#### [WHAT YOU HAVE TO DO]
Copy out the data exactly, leaving the pictures behind.

#### [AVAILABLE DATA]
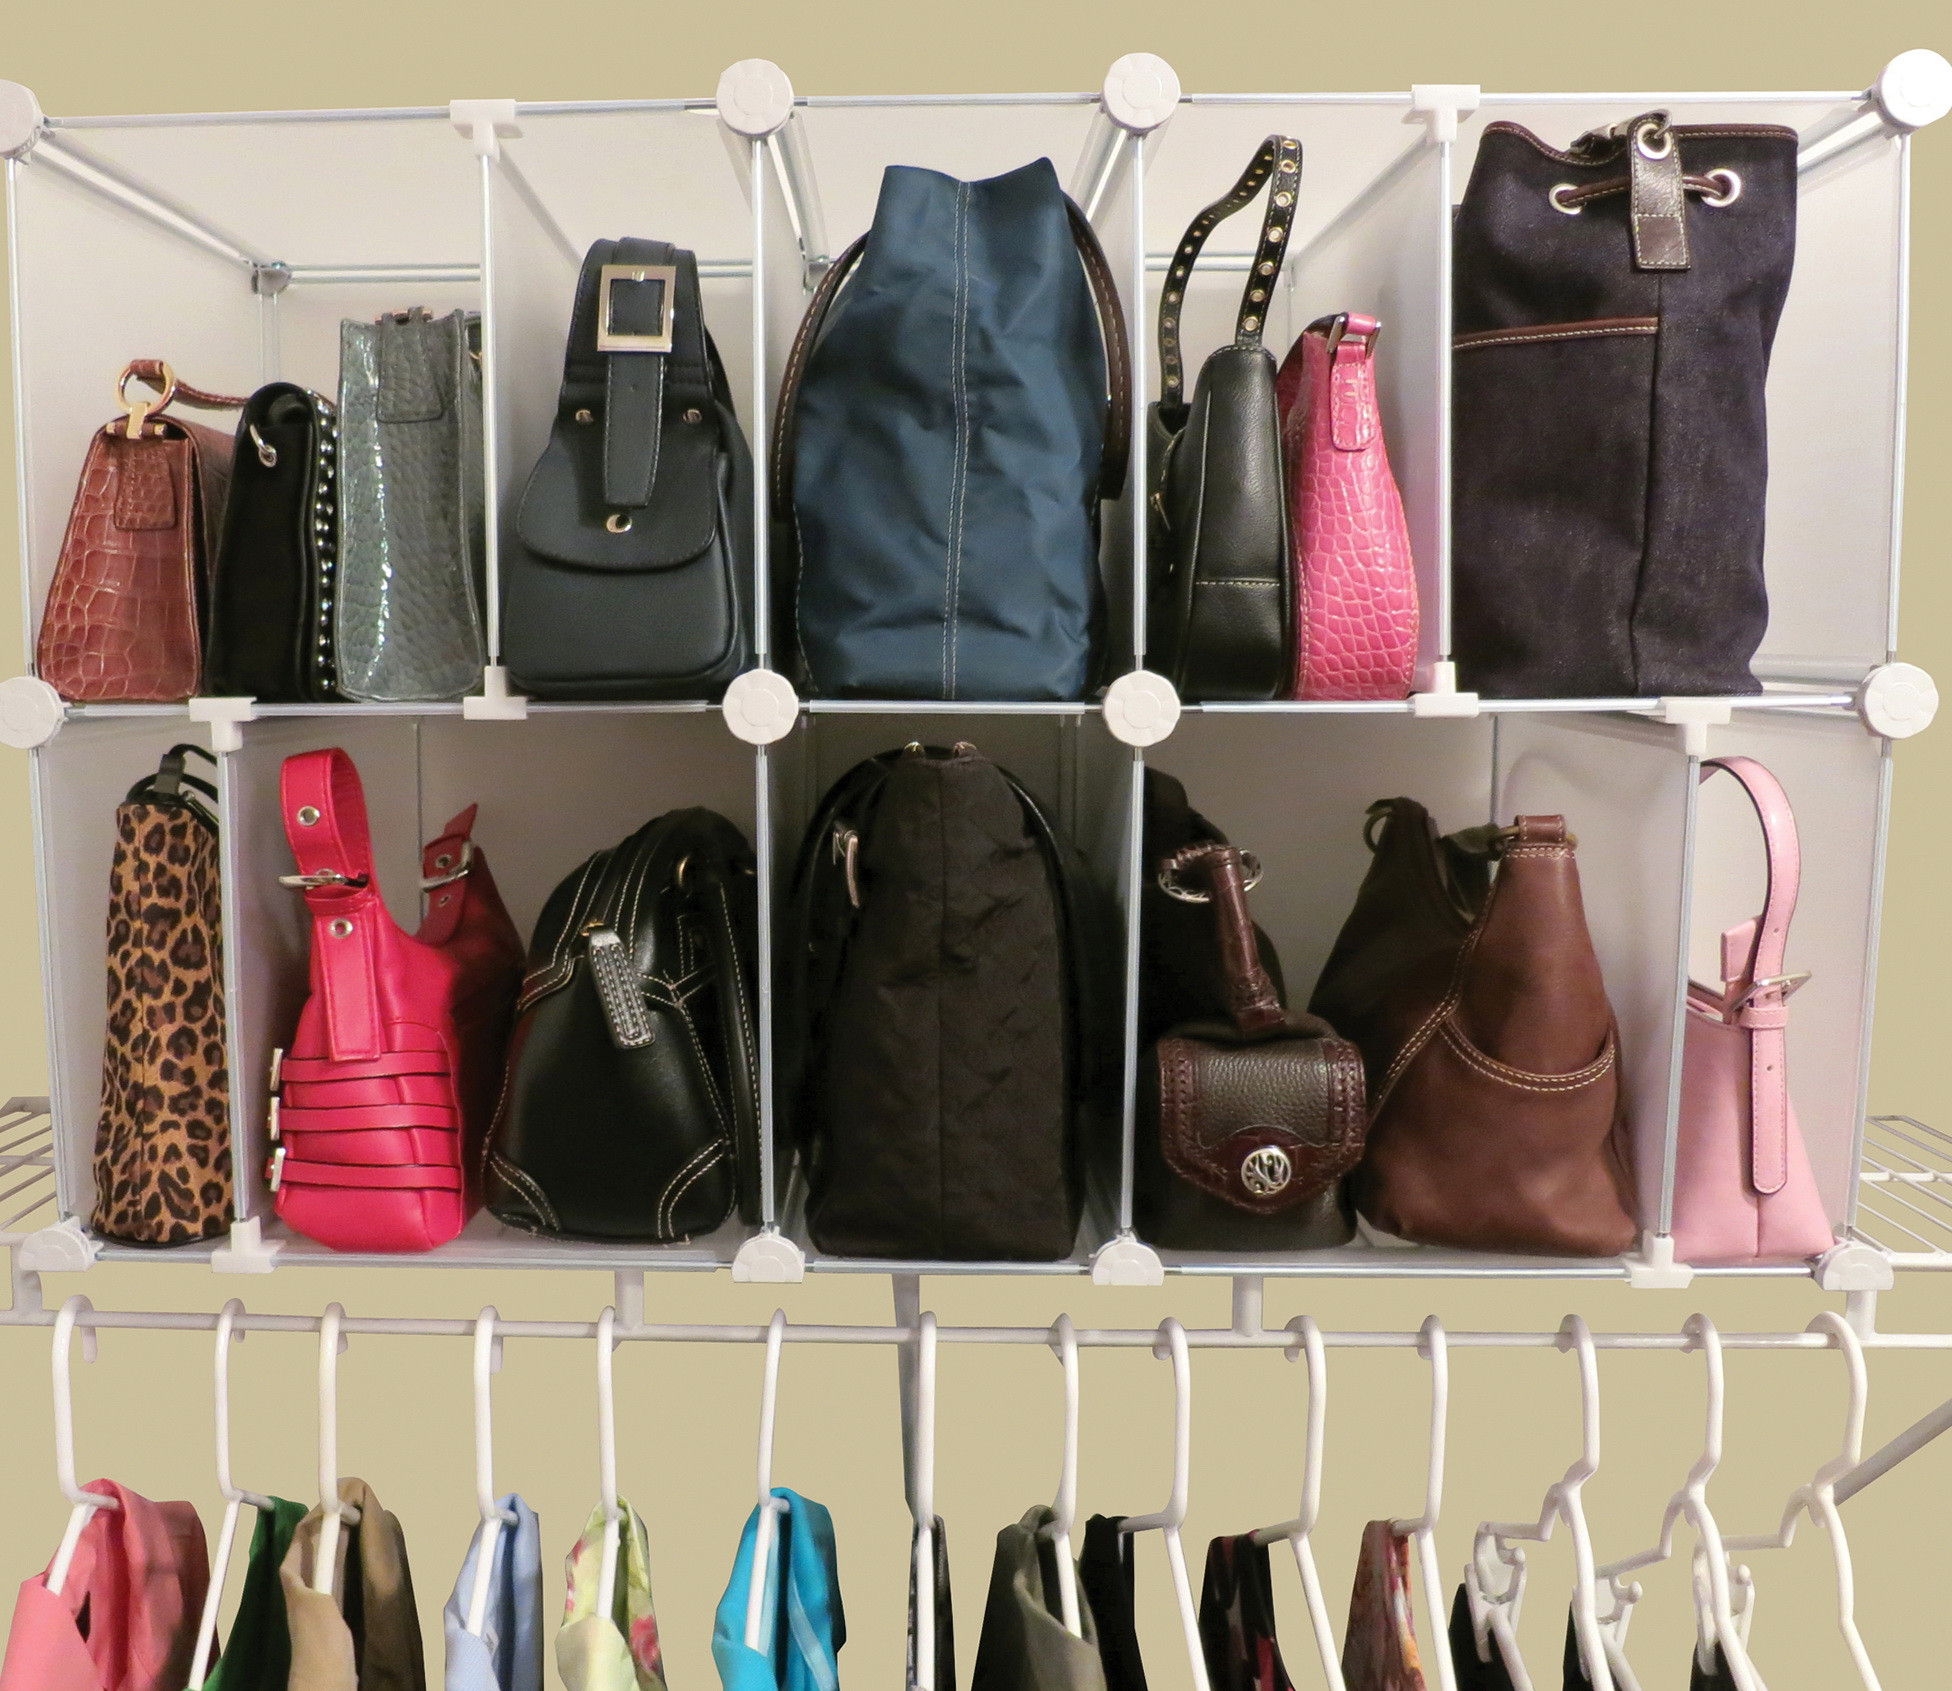 Best ideas about DIY Purse Organizer For Closet
. Save or Pin Diy Purse Organizer Closet Now.
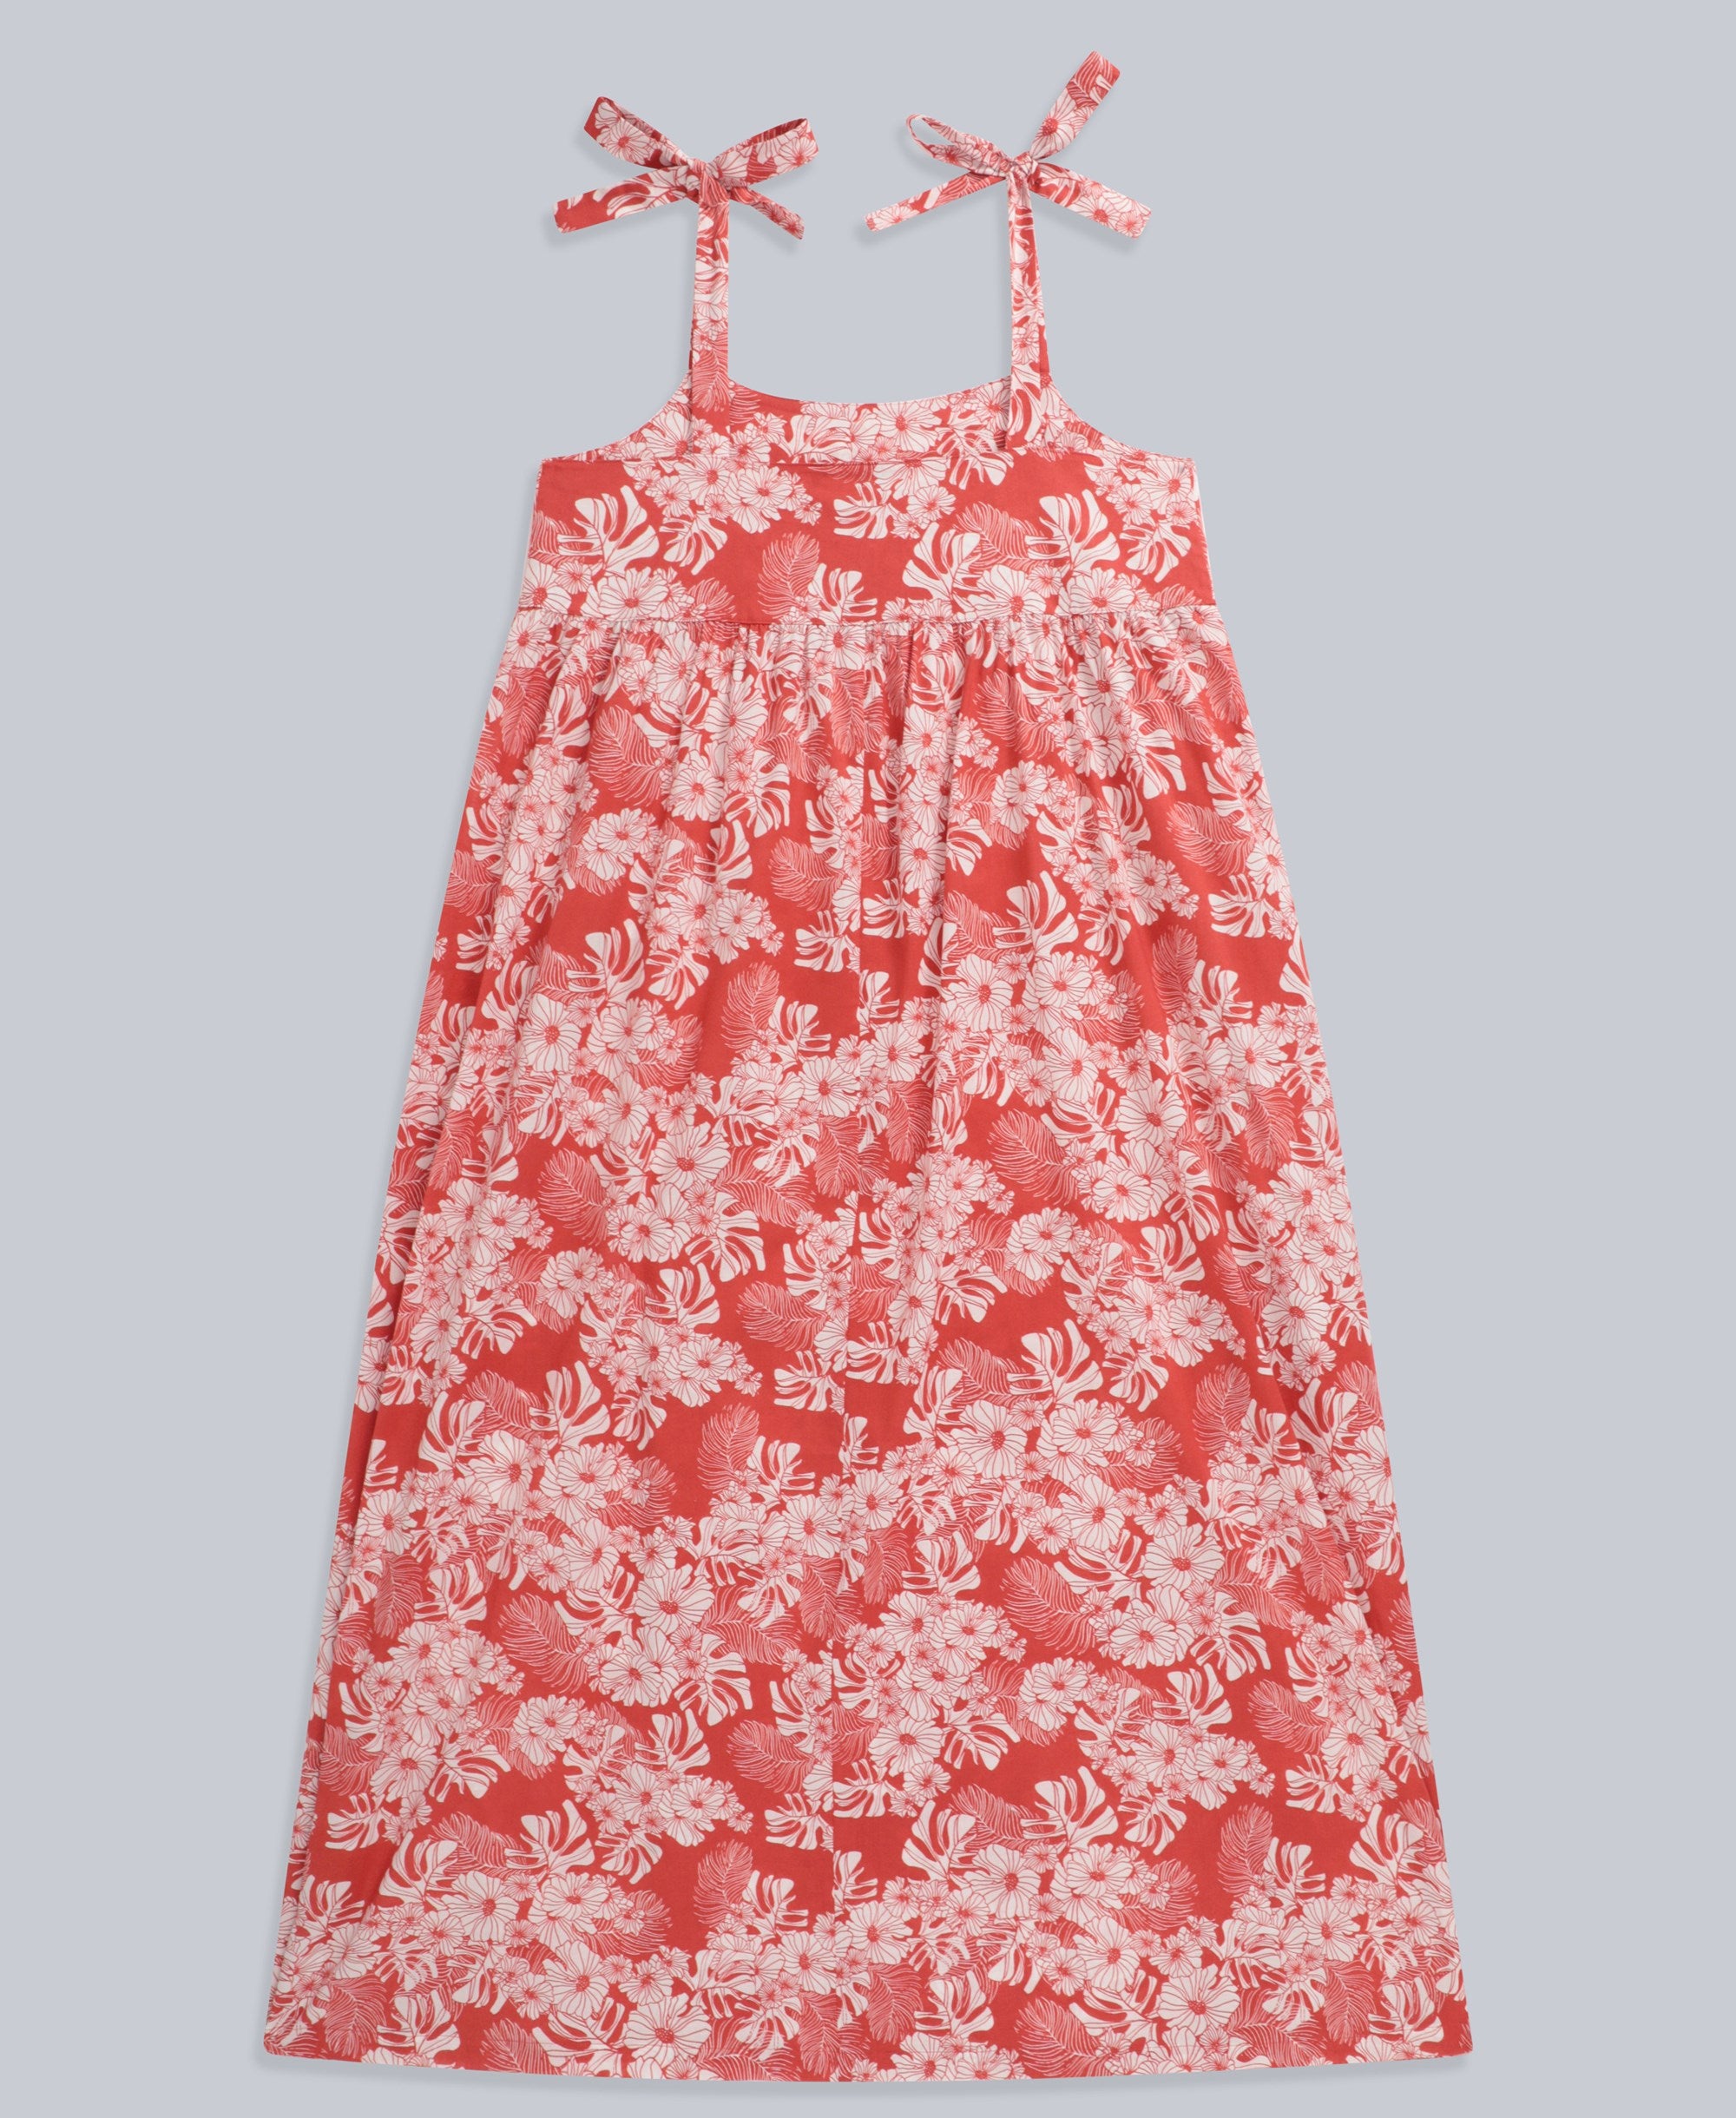 Annabel Organic Womens Maxi Dress - Red

#### [SOLUTION TO THE PROBLEM]
 Best ideas about DIY Purse Organizer For Closet
. Save or Pin Diy Purse Organizer Closet Now.
 Annabel Organic Womens Maxi Dress - Red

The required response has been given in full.